Parents follow students’ footsteps at open house
Published 2:42 pm Tuesday, September 20, 2016
By CONNIE NOLEN / Community Columnist
“How does Bethany do this every Friday?” asked her mom. Jeni Warden was feeling the strain of her daughter’s schedule—and the evening was just starting.
Beginning second period of our Pelham High School Open House, parents were already acquiring empathy. Traveling the crisscross, back and forth, up and down nature of their kids’ schedules by attending Open House is a challenge.
“Fridays are exhausting,” I say. “How did we ever manage seven and eight classes a day for five days of the week?”
For many years, Pelham High School students braved the hallways every hour and we moved at a frantic pace. Now Fridays feel like days of sprinting. Indeed, many students and teachers have come to prefer the more relaxed pace of odd and even days with fewer classes meeting each day. In order for parents to visit all of their students’ scheduled classes, Open House moved through the PHS Frantic Friday schedule.
Meeting with Advanced Placement English Language parents led to discussions of students scoring well enough on their AP exam to earn up to six hours of college credit. Earning six hours of college credit saves about $2,000—the price of two college classes at most Alabama colleges and universities.
In Creative Writing, parents learn that students are storytelling using all types of media. They’re happy to see students submitting work online via Google Classroom to prepare for collegiate submissions.

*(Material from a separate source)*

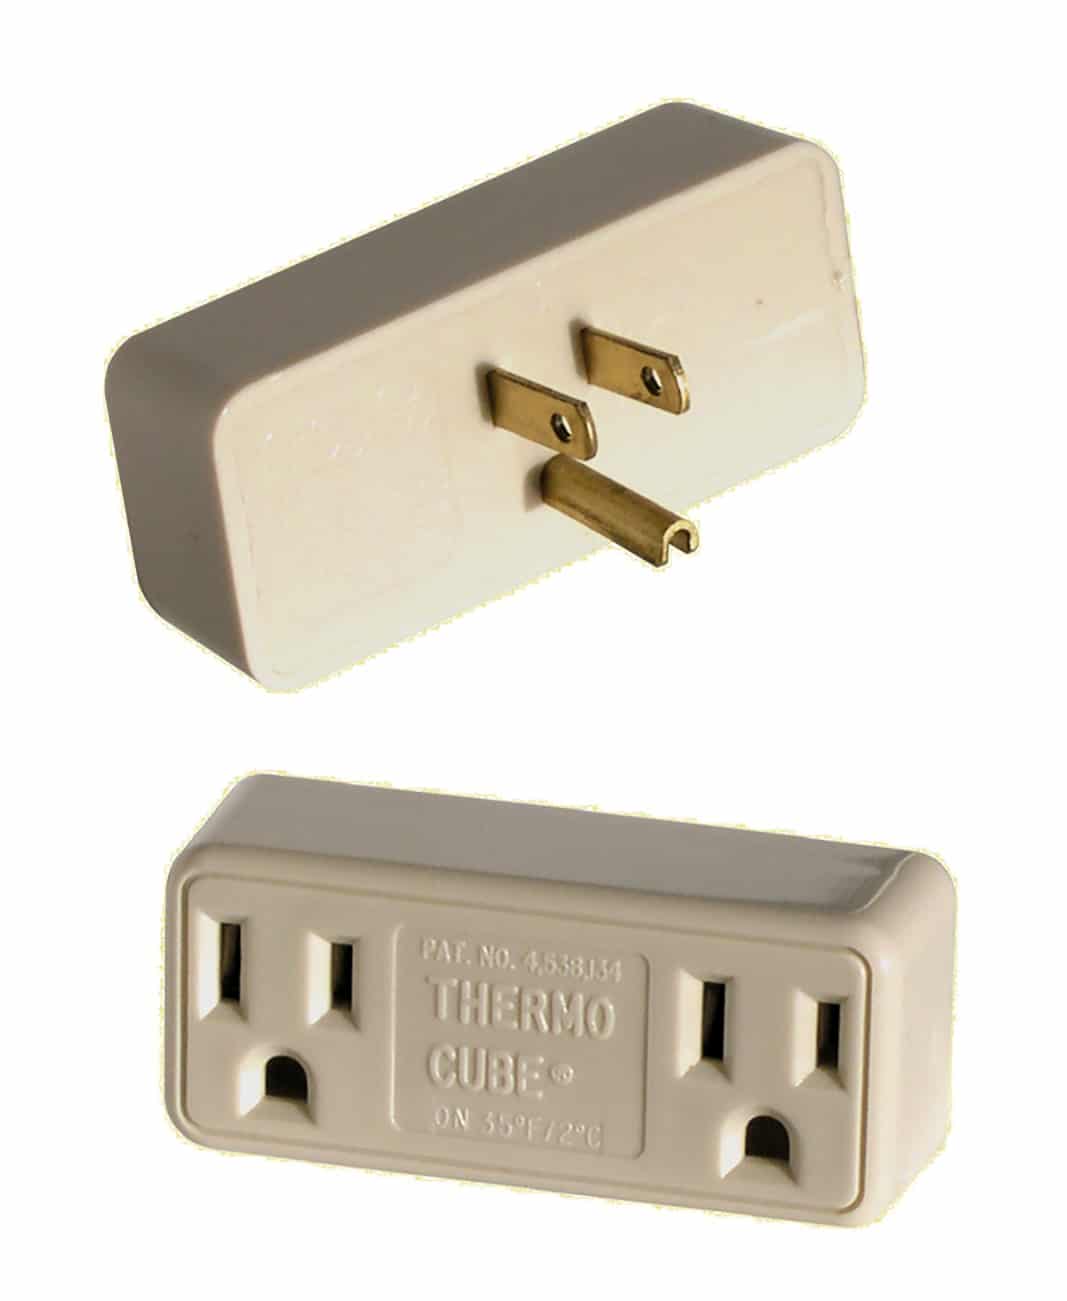 Thermostatically Controlled Outlet review

Competitive Writing parents are impressed that students have created resumes, which are handy tools for completing scholarship applications. Parents are happy to know that students are required to complete at least six scholarship applications and essays each nine weeks.
“This is where I sat last year in Creative Writing and this is where I sit in Lit Mag this year,” sophomore Anna Carden tells her mom. “I’m moving towards the front every year.”
“At this rate, you’ll be teaching class by senior year,” I tell Carden. She smiles.
School years are journeys. This year, I am blessed with amazing traveling companions.